One way to look at versions of this problem that involve the host “randomly” opening doors, none of which happen to contain the car, is that this is implicitly eliminating probability mass by discarding cases where one of the randomly opened doors does contain the car.
In the 3 door case, if you pick door 1, there are three possible locations for the car (C1, C2, C3). The host then randomly opens one of the two remaining doors (H2, H3). Each of the six possible combinations is equally likely, but C2+H2 and C3+H3 are implicitly eliminated because in those combinations, the car is revealed and the game ends.
The remaining four cases are C1+H2, C1+H3, C2+H3, and C3+H2. Obviously in this case your odds are 50⁄50 regardless. More significantly, your overall odds remain 1⁄3, because of the eliminated cases. The same logic applies to cases with more doors, where all combinations of C1+H? remain under consideration, while only one combination involving each other car position remains in play.
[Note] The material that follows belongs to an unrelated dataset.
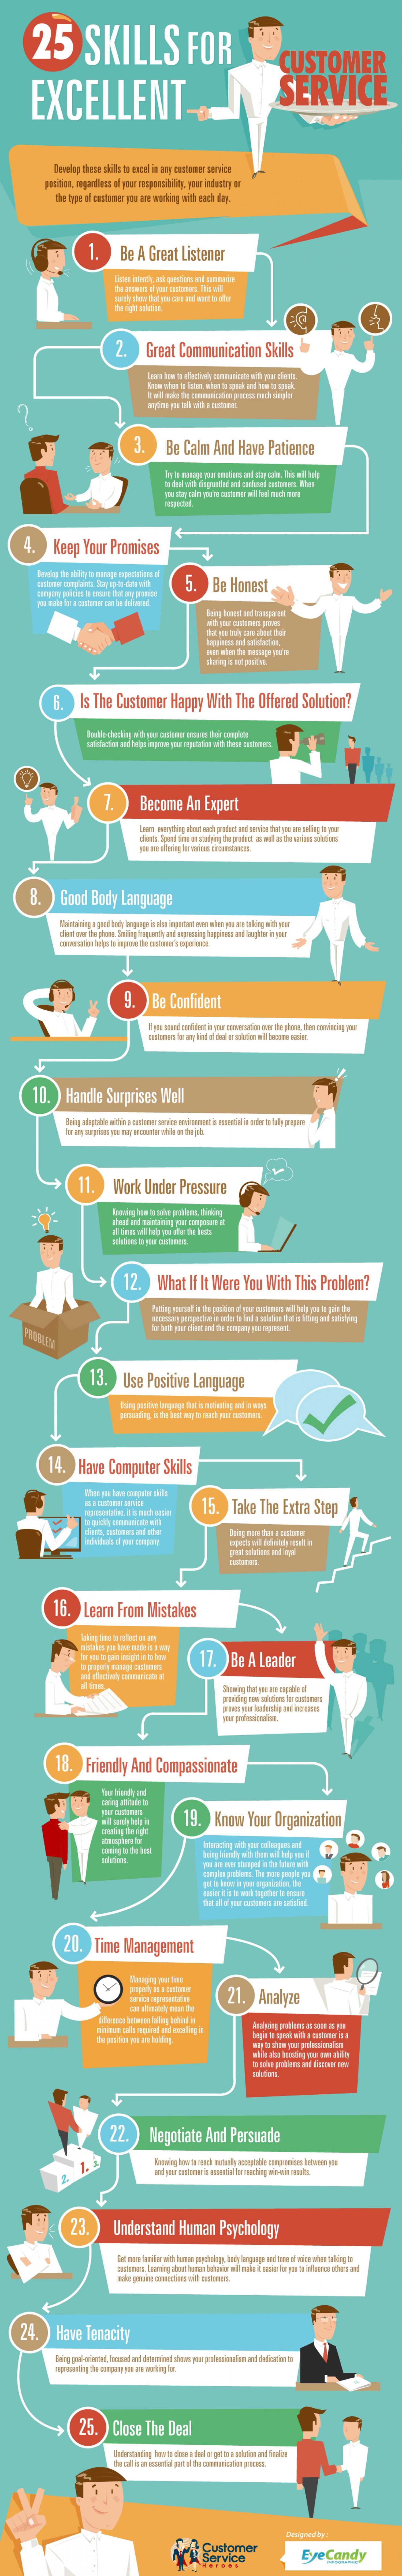 customer-service-skills.jpg

This differs from the classic statement of the problem because when the host never opens a door with the car, he does not eliminate any of the probability mass for “you picked the wrong door”, thus concentrating the likelihood of “you picked the wrong door” onto a single door, which gives the usual counterintuitive result.
But yes, if you know that the host always opens a door and offers to let the player switch, switching will never make you do worse than not switching. If you don’t know this, there is insufficient information to decide on a strategy.